- Task to complete -
In these entries, tally the lines where "para" occurs. Respond with only the count.

- Exercise material -
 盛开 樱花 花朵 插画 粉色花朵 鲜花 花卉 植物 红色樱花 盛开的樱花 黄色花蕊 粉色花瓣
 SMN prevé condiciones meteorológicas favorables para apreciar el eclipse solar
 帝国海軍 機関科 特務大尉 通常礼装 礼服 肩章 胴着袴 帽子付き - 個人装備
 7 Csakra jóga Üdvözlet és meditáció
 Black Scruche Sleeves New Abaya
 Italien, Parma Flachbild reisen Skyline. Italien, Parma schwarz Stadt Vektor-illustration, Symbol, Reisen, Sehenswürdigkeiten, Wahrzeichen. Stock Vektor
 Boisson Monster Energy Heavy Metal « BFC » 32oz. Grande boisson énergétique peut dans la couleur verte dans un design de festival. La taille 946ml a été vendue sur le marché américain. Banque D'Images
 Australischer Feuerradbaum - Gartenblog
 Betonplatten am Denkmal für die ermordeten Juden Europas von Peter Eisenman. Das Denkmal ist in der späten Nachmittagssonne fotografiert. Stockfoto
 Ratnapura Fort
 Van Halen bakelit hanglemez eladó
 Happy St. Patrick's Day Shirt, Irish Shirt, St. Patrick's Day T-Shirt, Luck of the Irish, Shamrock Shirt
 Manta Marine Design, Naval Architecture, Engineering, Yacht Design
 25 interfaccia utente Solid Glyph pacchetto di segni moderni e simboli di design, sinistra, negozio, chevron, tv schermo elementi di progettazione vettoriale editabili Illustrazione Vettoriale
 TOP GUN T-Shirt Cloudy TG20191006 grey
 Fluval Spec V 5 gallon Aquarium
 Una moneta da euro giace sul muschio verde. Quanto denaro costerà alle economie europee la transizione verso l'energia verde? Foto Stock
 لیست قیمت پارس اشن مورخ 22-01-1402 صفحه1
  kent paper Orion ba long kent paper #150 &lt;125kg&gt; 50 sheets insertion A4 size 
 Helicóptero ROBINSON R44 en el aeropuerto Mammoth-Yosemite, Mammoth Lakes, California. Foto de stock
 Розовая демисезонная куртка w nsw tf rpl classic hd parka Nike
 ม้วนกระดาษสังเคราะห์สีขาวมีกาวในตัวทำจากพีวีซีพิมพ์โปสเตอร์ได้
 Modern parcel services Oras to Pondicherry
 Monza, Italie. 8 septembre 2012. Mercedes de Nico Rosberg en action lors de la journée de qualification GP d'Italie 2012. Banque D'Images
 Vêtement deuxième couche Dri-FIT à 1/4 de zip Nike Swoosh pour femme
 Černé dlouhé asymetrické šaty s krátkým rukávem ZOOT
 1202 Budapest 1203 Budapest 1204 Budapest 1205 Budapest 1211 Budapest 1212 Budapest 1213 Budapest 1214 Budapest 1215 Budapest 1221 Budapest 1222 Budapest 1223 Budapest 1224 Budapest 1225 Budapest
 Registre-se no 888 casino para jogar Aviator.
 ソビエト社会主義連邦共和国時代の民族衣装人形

- The completed task -
2